Highlights
Practical Considerations in Paper and Thin Layer Chromatography (TLC) - These are both forms of PLANAR chromatography (see lecture 3), usually involving a PARTITION mechanism in which the stationary phase is polar (e.g. water) and the mobile phase is non-polar (e.g. butanol). This type of retention is termed a conventional or FORWARD PHASE system (i.e. a polar stationary phase with a non-polar mobile phase). During chromatography it is most important that the atmosphere around the paper or plate be saturated with solvent vapour. This is achieved by sealing the chromatography chamber to prevent any evaporation of the mobile phase solvents. Evaporation of the more volatile mobile phase will lead to distortion of the chromatogram. Advantages of TLC over paper chromatography
• TLC is QUICKER (the solvent equilibrates and moves faster).
• TLC IS MORE SENSITIVE - strongly acidic or oxidative reagents can be used in the detection procedures (these reagents cannot be used with paper).

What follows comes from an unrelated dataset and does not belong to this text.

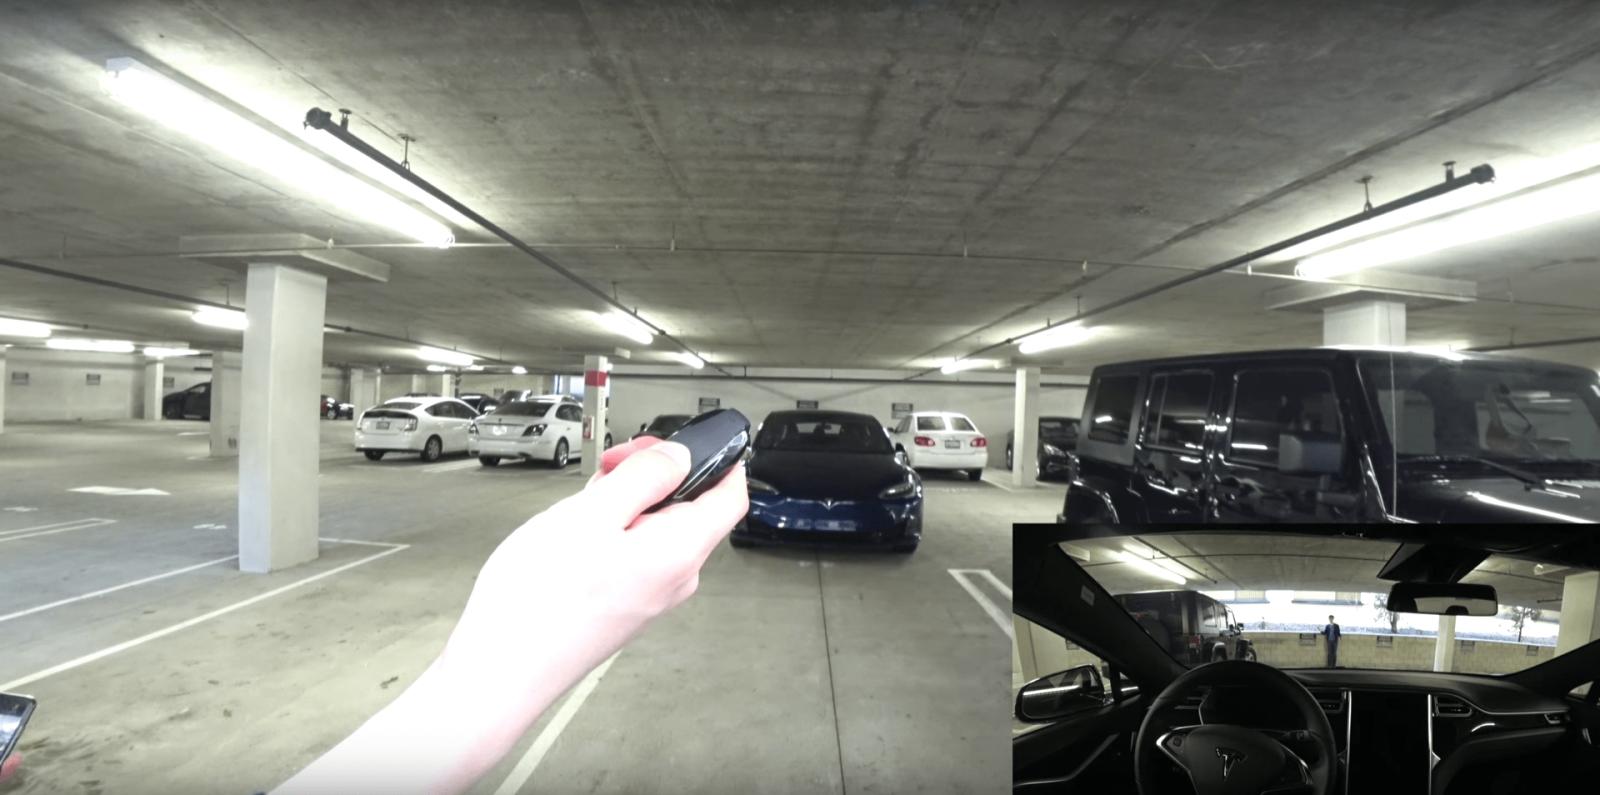 photo image Tesla is getting 'some regulatory pushbacks' over new Autopilot feature, says Elon Musk
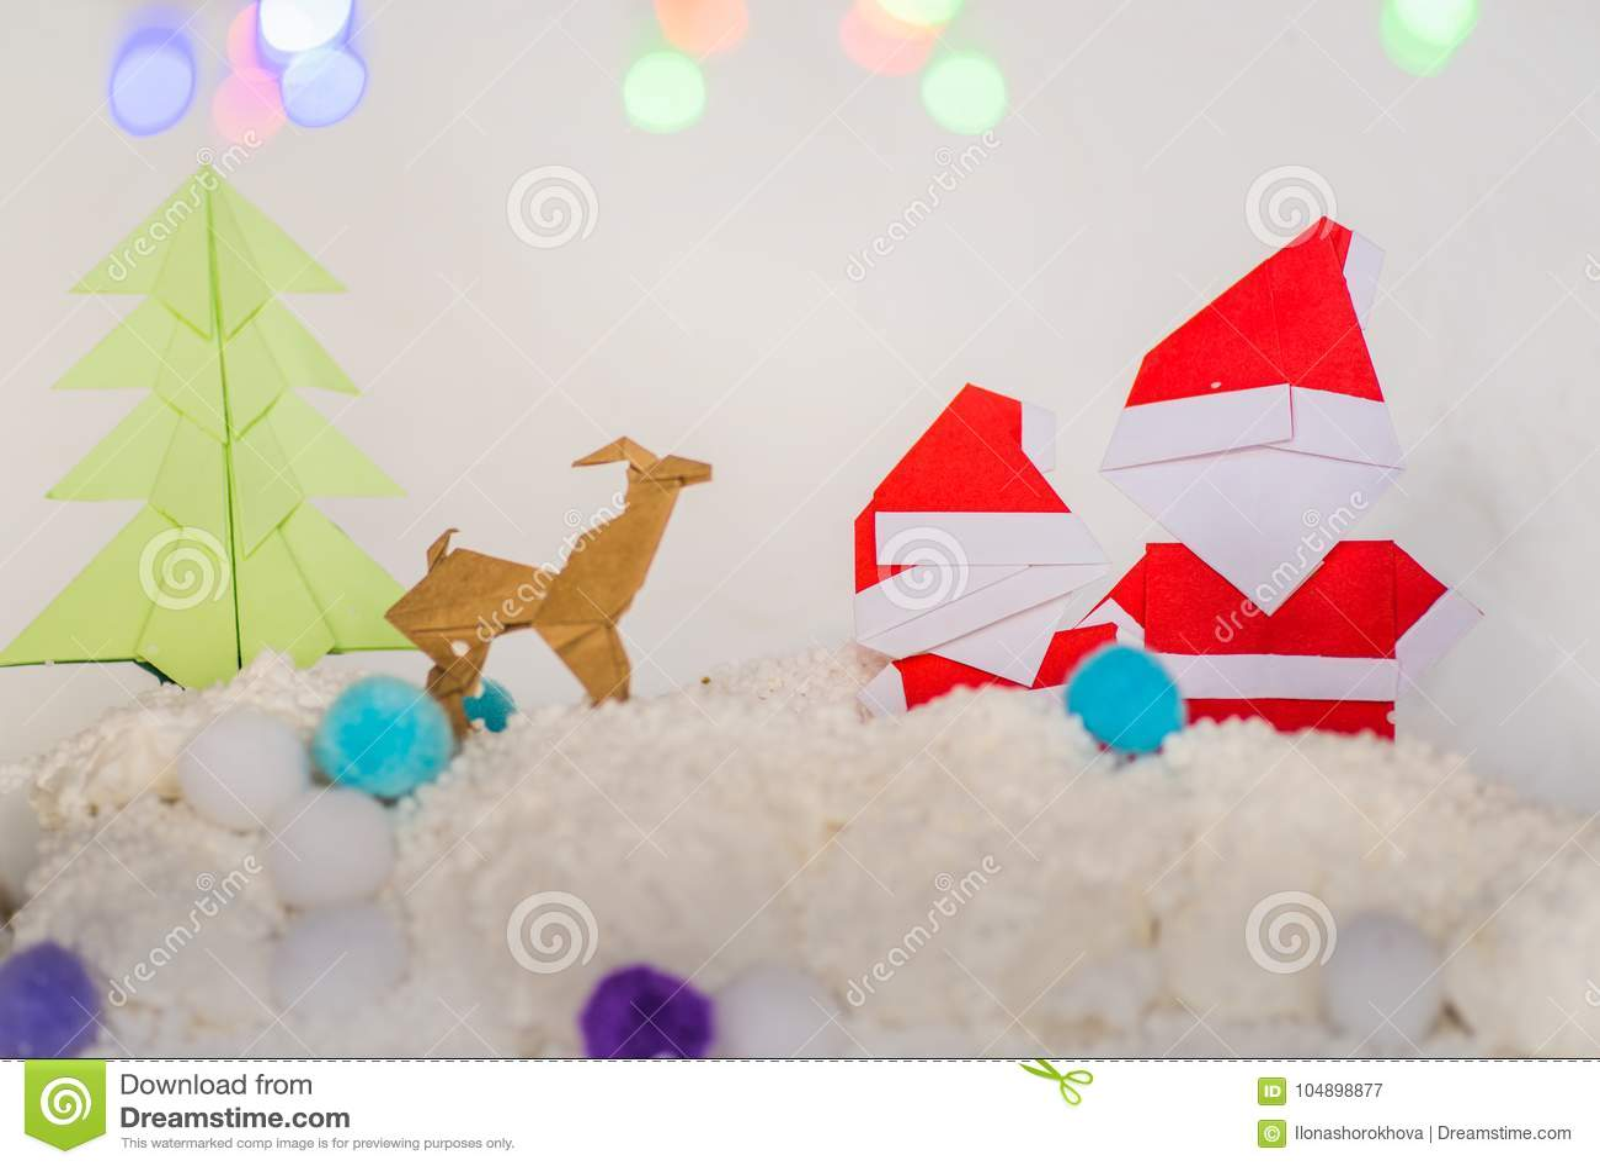 Santa Clausxmas Tree And Reindeer Christmas Paper Craft Stock Image

• TLC IS MORE ADAPTABLE to a wide variety of samples through the availability and use of various support matrices on the plates (e.g. silica gel, alumina, calcium sulphate, etc.). 2-Dimensional Chromatography This is a variant, or extension, of TLC used to resolve complex mixtures of constituents. Mixtures can be resolved very well by 2-stage (2 dimensional) chromatography in which 2 solvent systems are used with the plate being turned through 90° in between each stage. Such separation will produce a "map", or a pattern of spots that is very distinctive of a particular applied mixture and can be used for identification (e.g. for a certain blend of drugs). 91326 Analytical Biochemistry Supplementary Notes to Lecture 4 Spring 2021 Page 2 N. Nassif
Practical Considerations in Liquid Chromatography (LC) Liquid chromatography (LC) refers to the use of a column containing a stationary phase through which a liquid mobile phase is passed. In liquid chromatography, it is most important to minimise peak broadening to obtain better resolution (i.e. narrow sharp peaks in the chromatogram). During LC, peaks broaden due to DIFFUSION (increases with time), HYDRODYNAMIC EFFECTS OR EDDYING (increases with faster flow), SLOW EQUILIBRATION OR MASS TRANSFER between phases (increases with faster flow). In PARTITION and (especially) SIZE-EXCLUSION systems, peak broadening is minimised by applying the sample to the column in the smallest possible volume. In ADSORPTION, ION-EXCHANGE and AFFINITY systems (and sometimes partition) the sample may be "concentrated" at the top of the column by applying it in a strong retention solvent. Then the eluting power of the mobile phase may be increased gradually throughout the run. Altering the eluting power of a mobile phase in this way is referred to as GRADIENT elution.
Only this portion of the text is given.